Source data:
>>

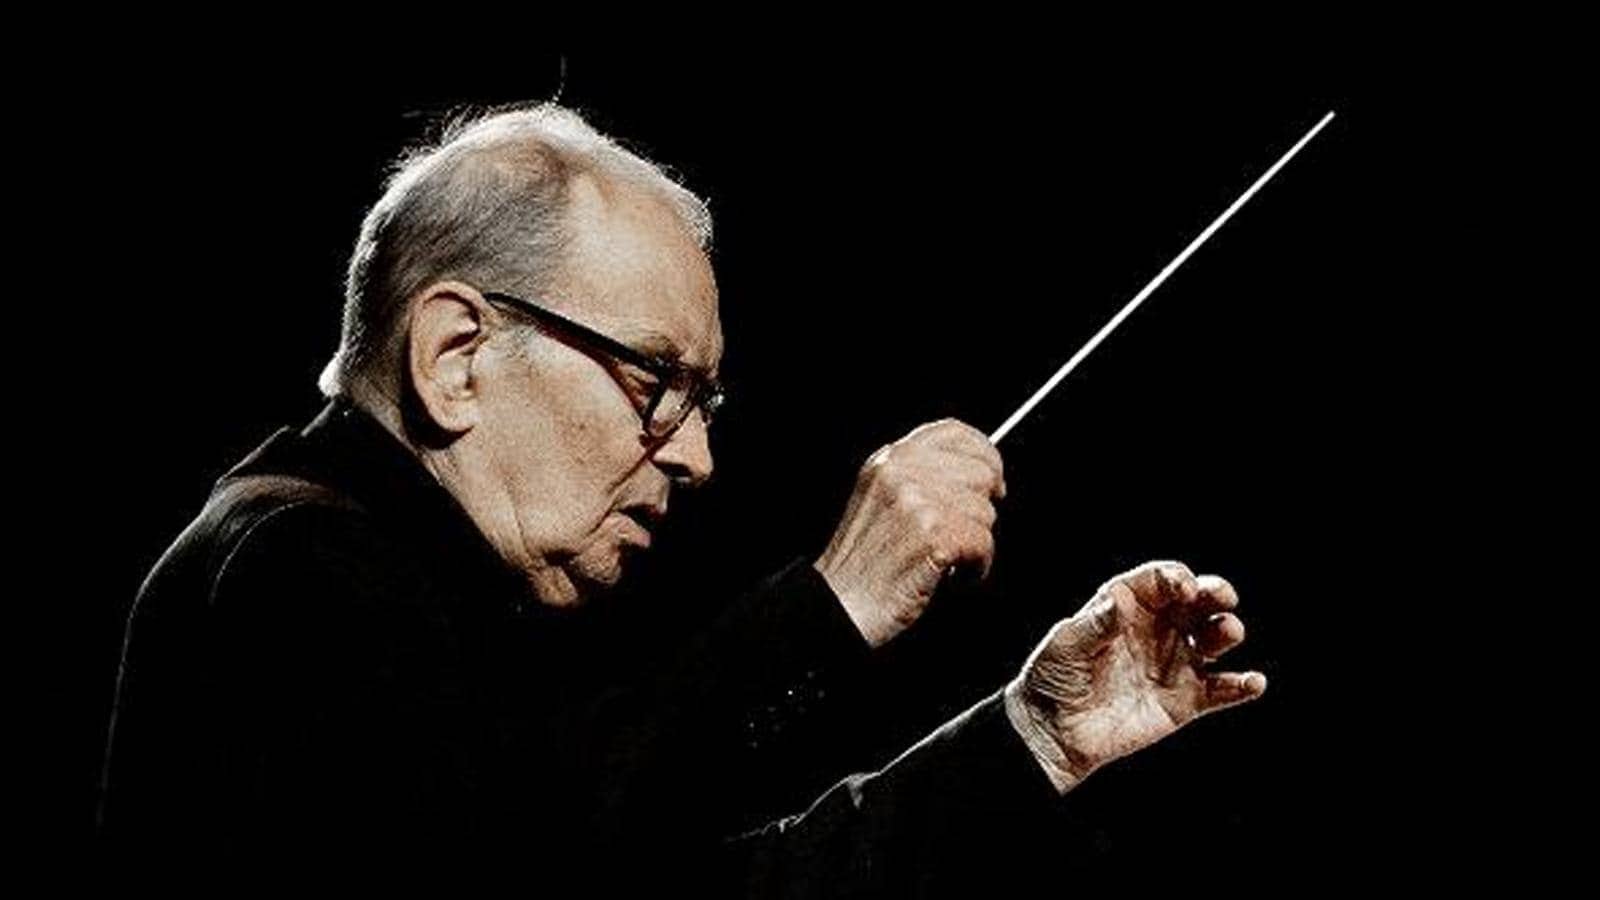 Primo piano di profilo del Maestro Ennio Morricone, con giacca nera, fotografato su sfondo nero mentre dirige. La luce illumina il suo volto concentrato e le sue mani, bacchetta nella destra, mentre guidano un'orchestra.
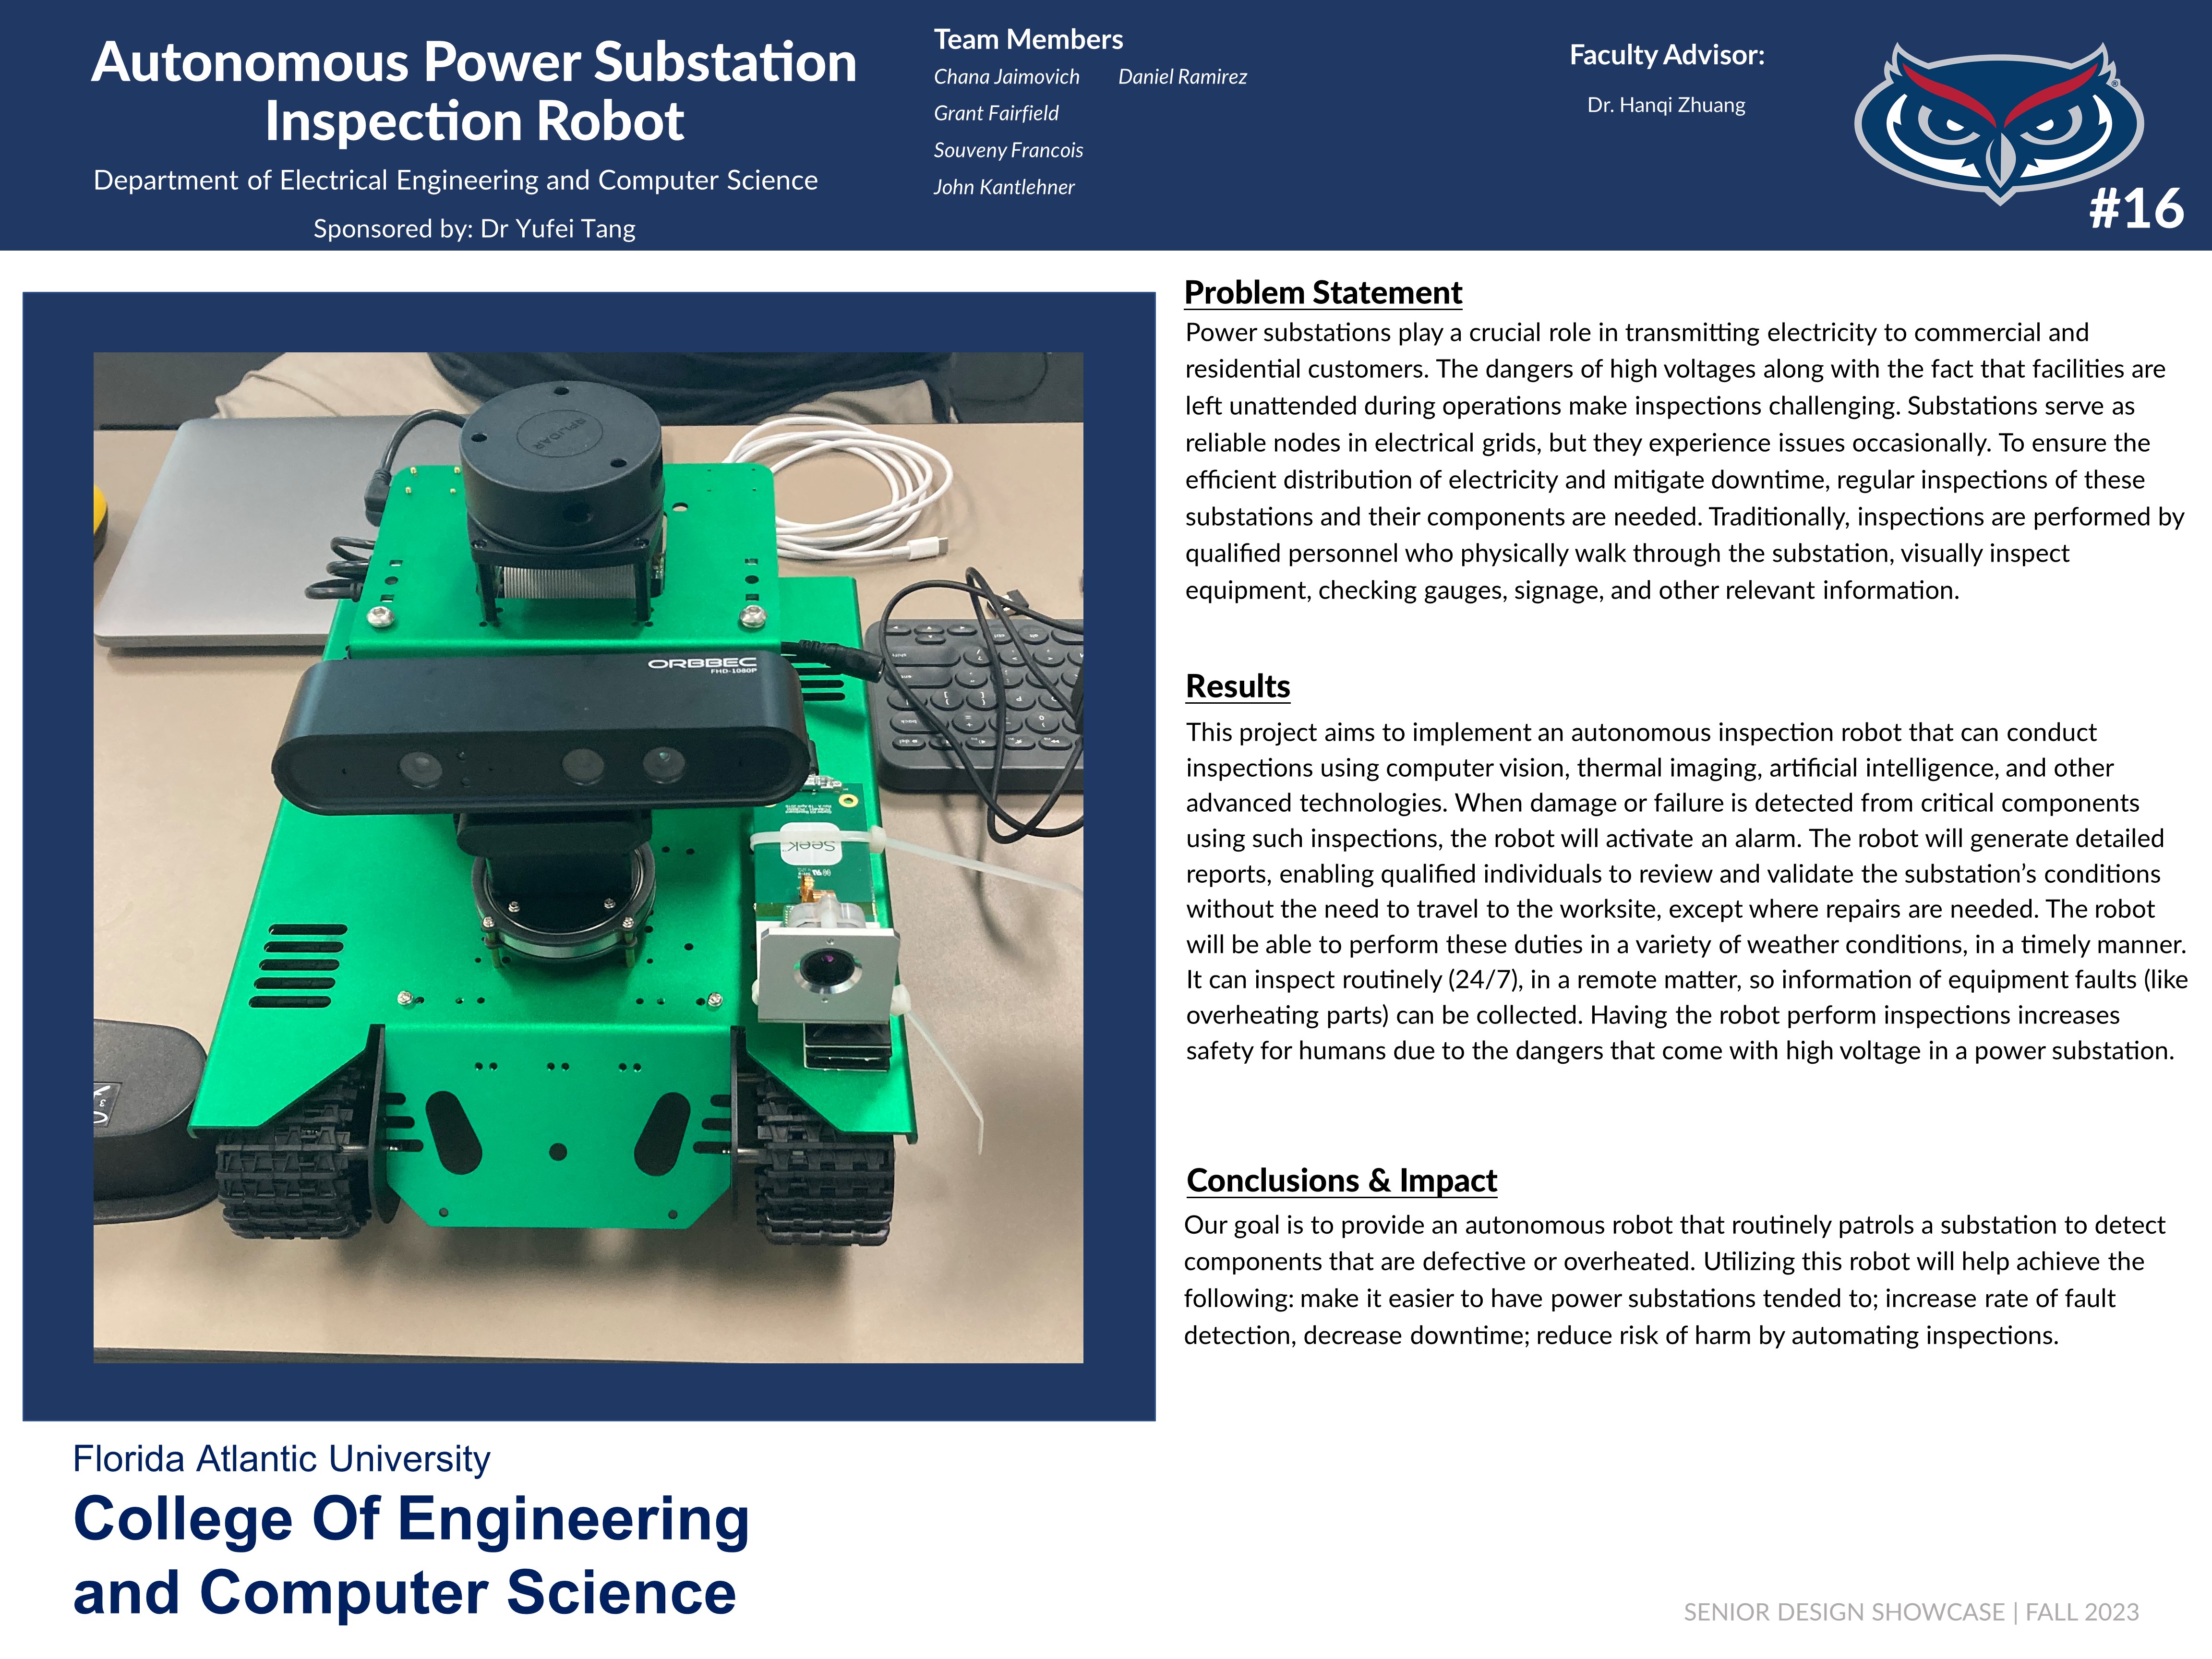 Autonomous Power Substation Inspection
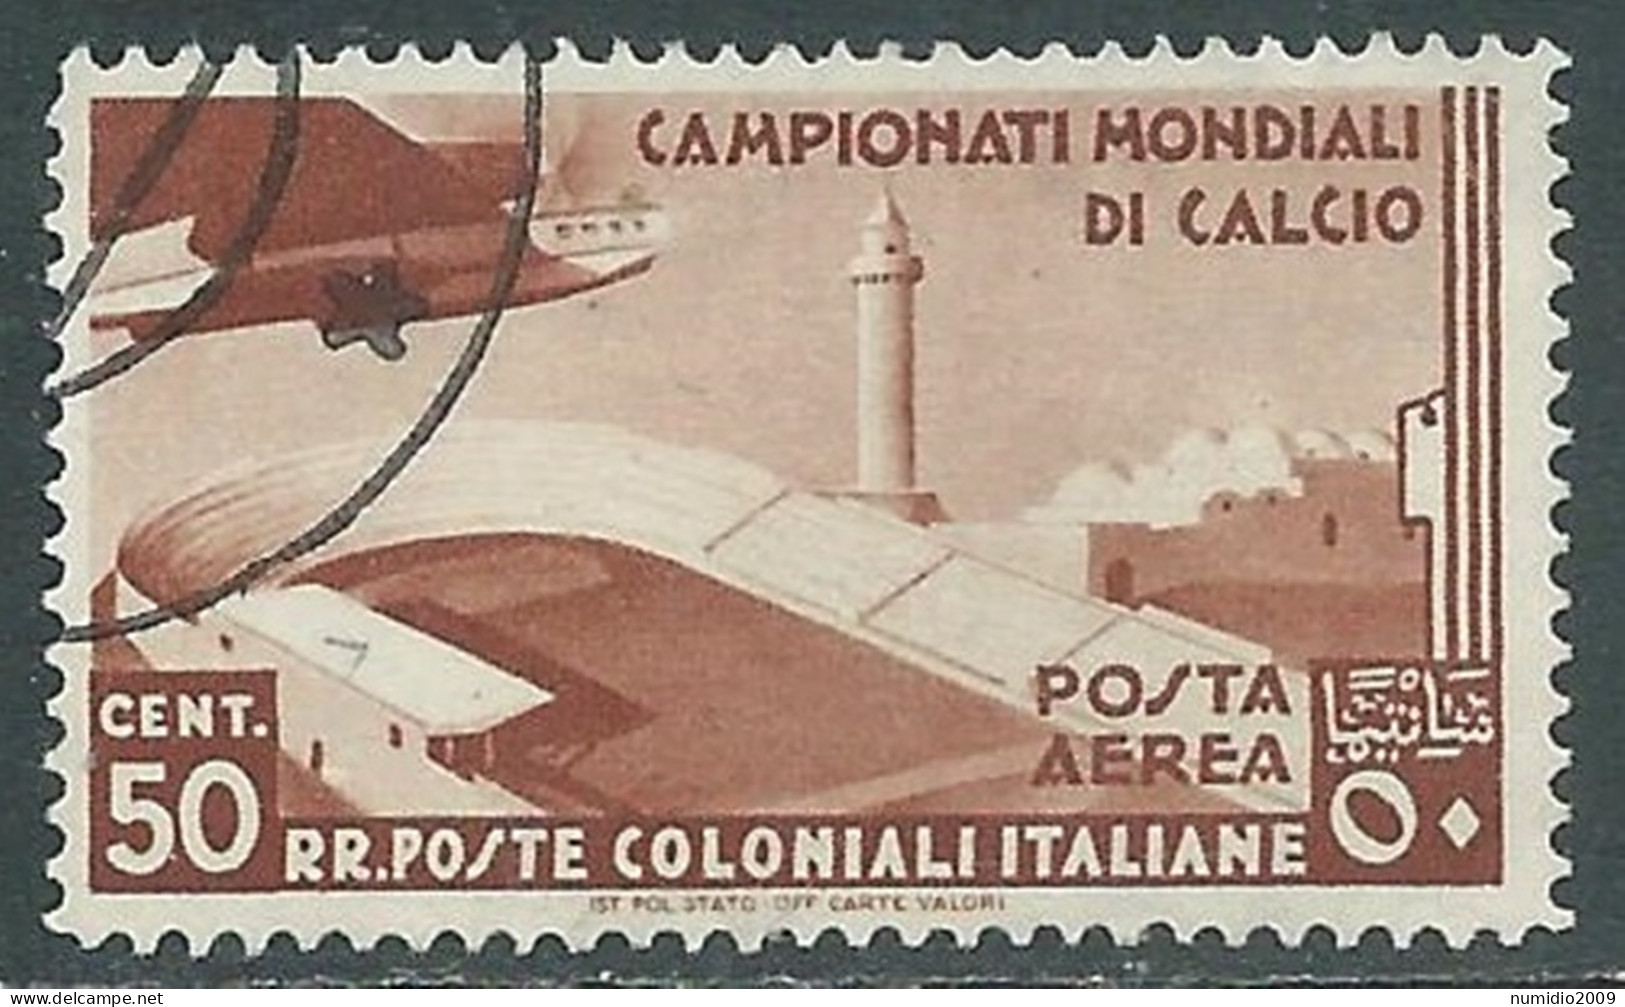 1934 EMISSIONI GENERALI POSTA AEREA USATO MONDIALI DI CALCIO 50 CENT - RA6-3 - Amtliche Ausgaben

<<

Aim of the task: Reproduce precisely the lines of the listing above, from the line containing "Autonomous Power Substation Inspection" to the last line, both ends included. Pictures are to be omitted.

Expected answer:
 Autonomous Power Substation Inspection
 1934 EMISSIONI GENERALI POSTA AEREA USATO MONDIALI DI CALCIO 50 CENT - RA6-3 - Amtliche Ausgaben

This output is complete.